Keywords: microbiome, OTU picking, 16S rRNA

Introduction

The microbiome plays an important role in global ecology, nutrient cycling, and disease [1]. Targeted sequencing of the hypervariable region of the 16S rRNA gene is now routinely used to profile microbiota. Identifying related groups of organisms known as operational taxonomic units (OTUs) remains a central part of the analysis of microbiome data. Both de novo and reference-based approaches have been proposed for processing 16S rDNA reads—each with complementary strengths and weaknesses.

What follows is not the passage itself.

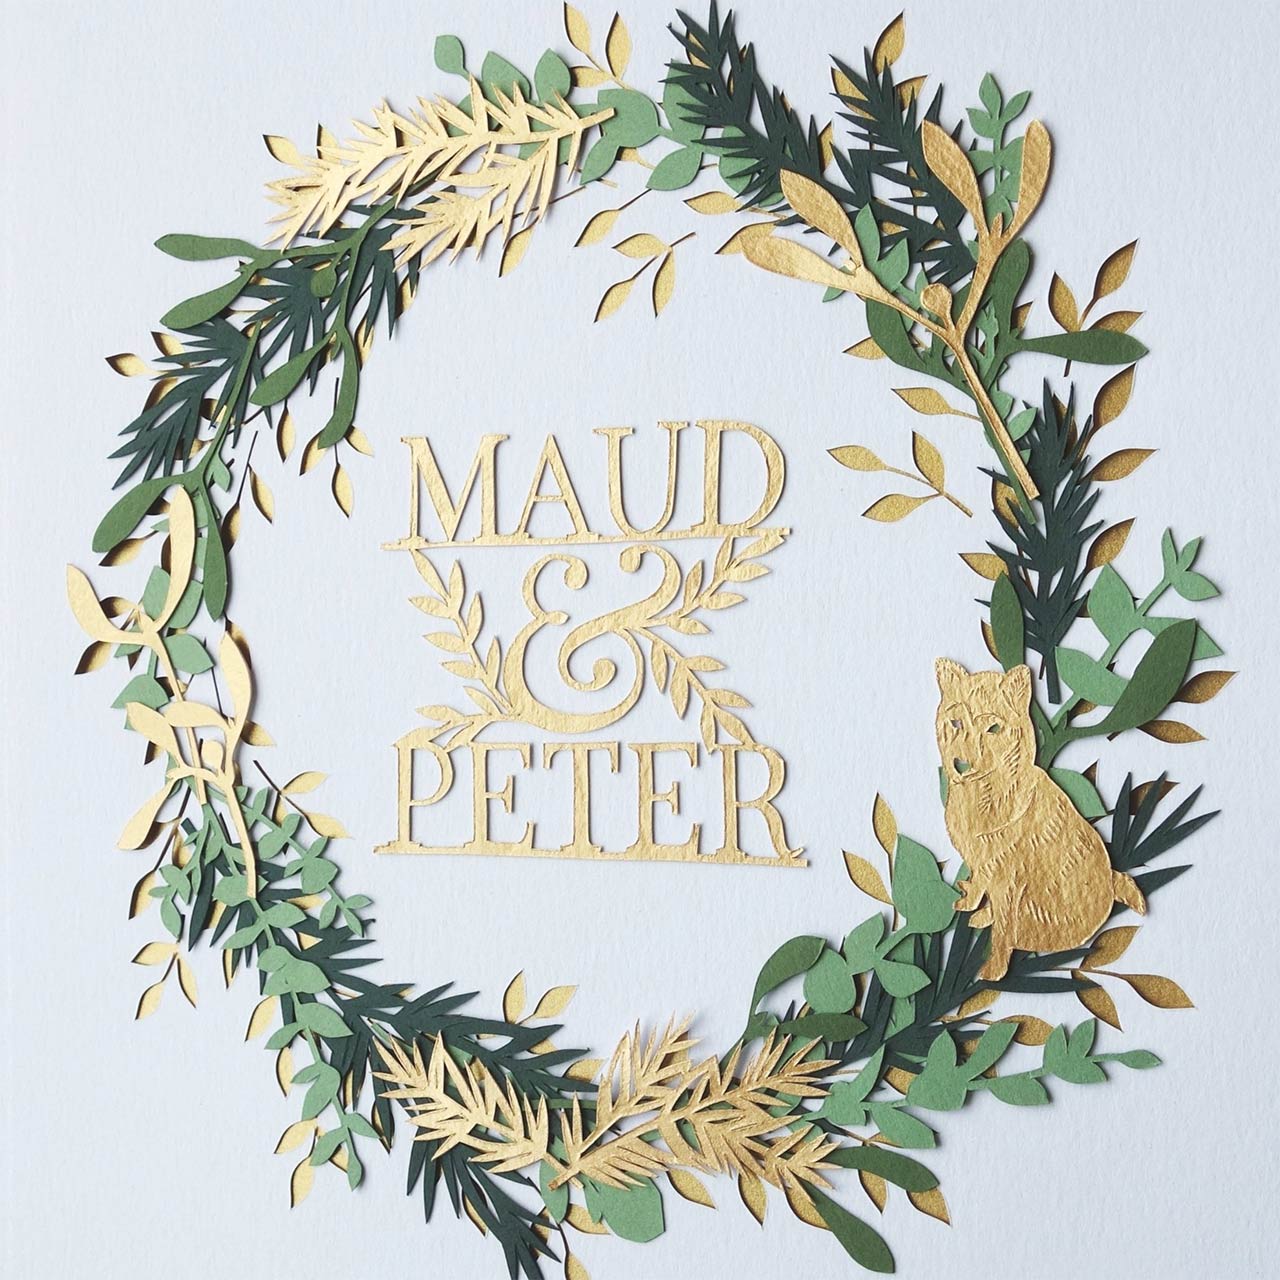 paper cut art work with green leaves in a circle with the names Maud & Peter in gold in the middle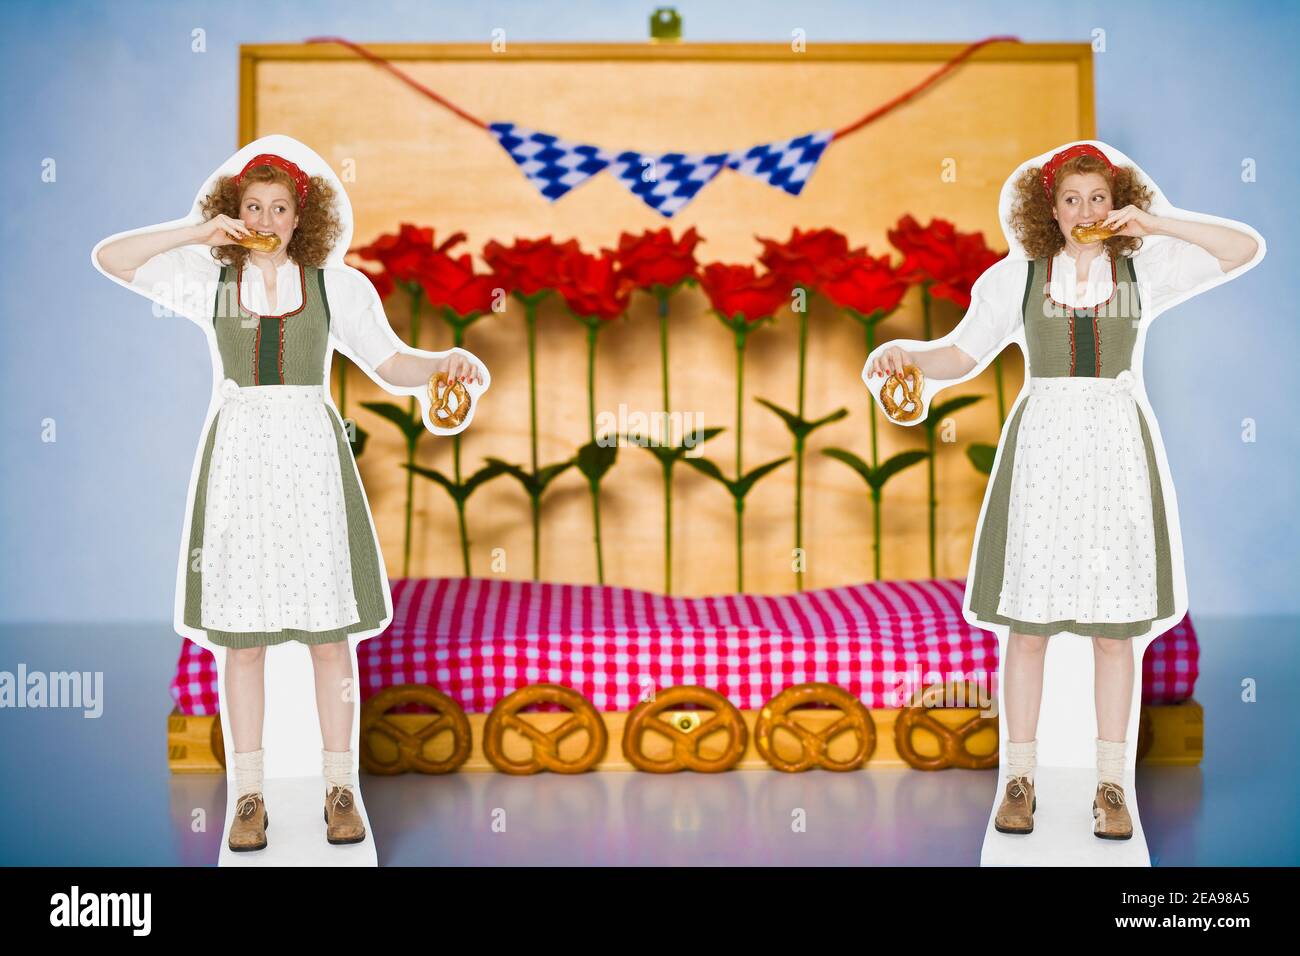 Still-life photo, 2 women in dirndls, with pretzels in their hands, biting into a pretzel, standing in front of a wooden decoration, with pretzels, Bavarian flags, plastic roses, checkered blanket, bluish background Stock Photo

De novo OTU-picking naively clusters reads based on sequence similarity. It has the advantages of not requiring any prior knowledge or reference about the target molecule, and produces OTU groupings that are more naturally aligned to the data. However, de novo approaches require comparison of the same gene region. Reference-based approaches can get around this limitation, but rely on a preexisting set of OTU representatives that may or may not be appropriate for a particular dataset [2].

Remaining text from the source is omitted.